Cray XC30 systems use dual-socket compute nodes with 2 dies. For 16-CPU Cray XC30 compute node processors, NUMA nodes 0 and 1 have eight CPUs each (logical CPUs 0-7, 8-15 respectively). If your applications use Intel Hyperthreading Technology, it is possible to use up to 32 processing elements (logical CPUs 16-23 are on NUMA node 0 and CPUs 24-31 are on NUMA node 1). Even if you PE and threads are bound to a specific numa_node, the memory used does not have to be ‘local’

aprun memory affinity options (see also man apron)
- Suggested setting is –ss (a PE can only allocate the memory local to its assigned NUMA node. If this is not possible, your application will crash.)

Some basic aprun examples

Assuming a XC30 with Sandybridge nodes (32 cores per node with Hyperthreading)

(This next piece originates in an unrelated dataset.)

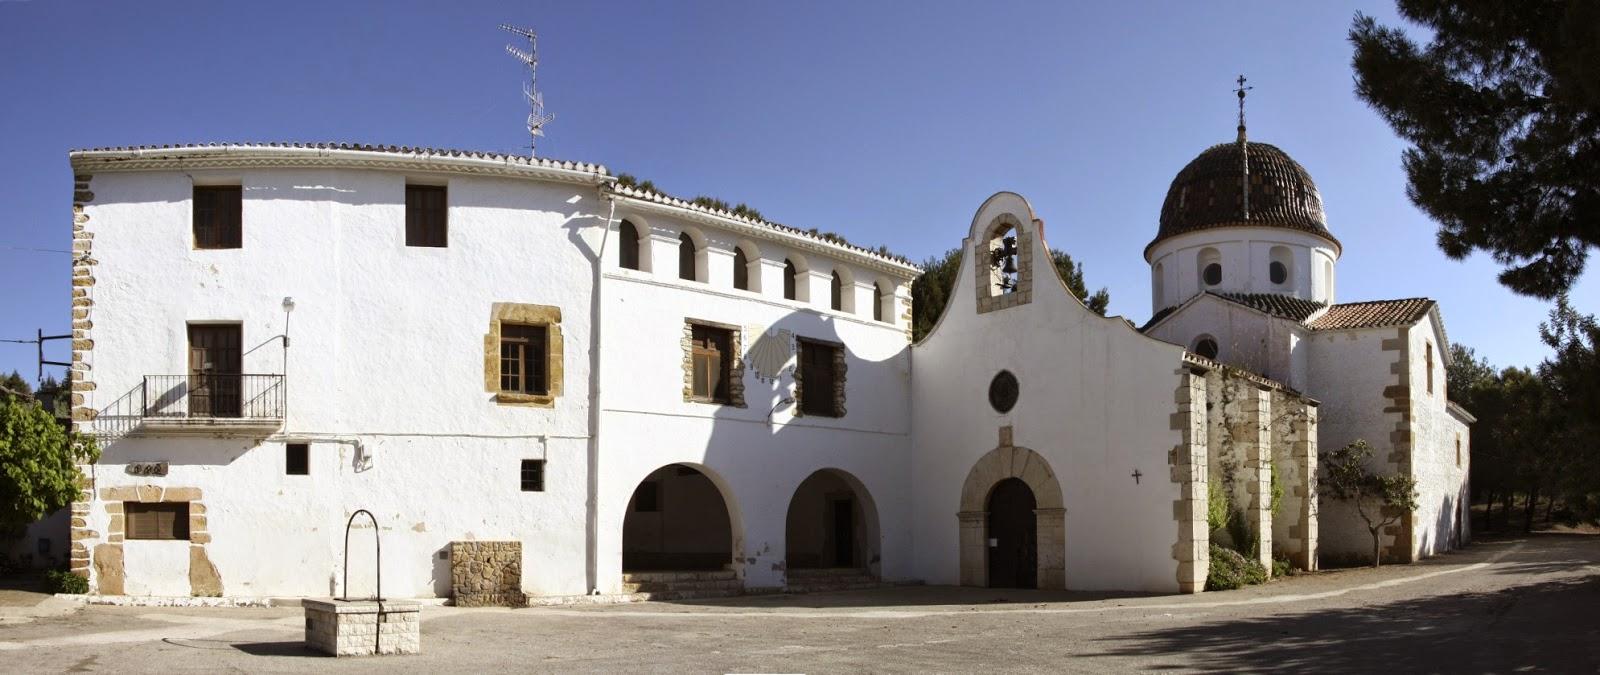 Turismo en Alcanar, qué visitar

Pure MPI application , using all the available cores in a node

  aprun -n 32 -j2 ./a.out

Pure MPI application, using only 1 core per node

32 MPI tasks, 32 nodes with 32*32 core allocated can be done to increase the available memory for the MPI tasks

 aprun -N 1 -n 32 -d 32 -j2 ./a.out

Hybrid MPI/OpenMP application, 4 MPI ranks per node

32 MPI tasks, 8 OpenMP threads each need to set OMP_NUM_THREADS

 export OMP_NUM_THREADS=8
 aprun -n 32 -N 4 -d $OMP_NUM_THREADS -j2

MPI and OpenMP with Intel PE

Intel RTE creates one extra thread when spawning the worker threads. This makes the pinning for aprun more difficult.

Suggestions:

Running when “depth” divides evenly into the number of “cpus” on a socket

 export OMP_NUM_THREADS=“<=depth”
 aprun -n npes -d “depth” -cc numa_node a.out

Running when “depth” does not divide evenly into the number of “cpus” on a socket

 export OMP_NUM_THREADS=“<=depth”
 aprun -n npes -d “depth” -cc none a.out

Multiple Program Multiple Data (MPMD)

aprun supports MPMD – Multiple Program Multiple Data.

Launching several executables which all are part of the same MPI_COMM_WORLD

 aprun –n 128 exe1 : -n 64 exe2 : -n 64 exe3

Notice : Each exacutable needs a dedicated node, exe1 and exe2 cannot share a node.

Example : The following commands needs 3 nodes

 aprun –n 1 exe1 : -n 1 exe2 : -n 1 exe3

Use a script to start several serial jobs on a node :

 aprun –a xt –n 1 –d 32 –cc none script.sh

 >cat script.sh 
 ./exe1& 
 ./exe2& 
 ./exe3&
 wait 
 >

cpu_lists for each PE

CLE was updated to allow threads and processing elements to have more flexibility in placement. This is ideal for processor architectures whose cores share resources with which they may have to wait to utilize. Separating cpu_lists by colons (:) allows the user to specify the cores used by processing elements and their child processes or threads. Essentially, this provides the user more granularity to specify cpu_lists for each processing element.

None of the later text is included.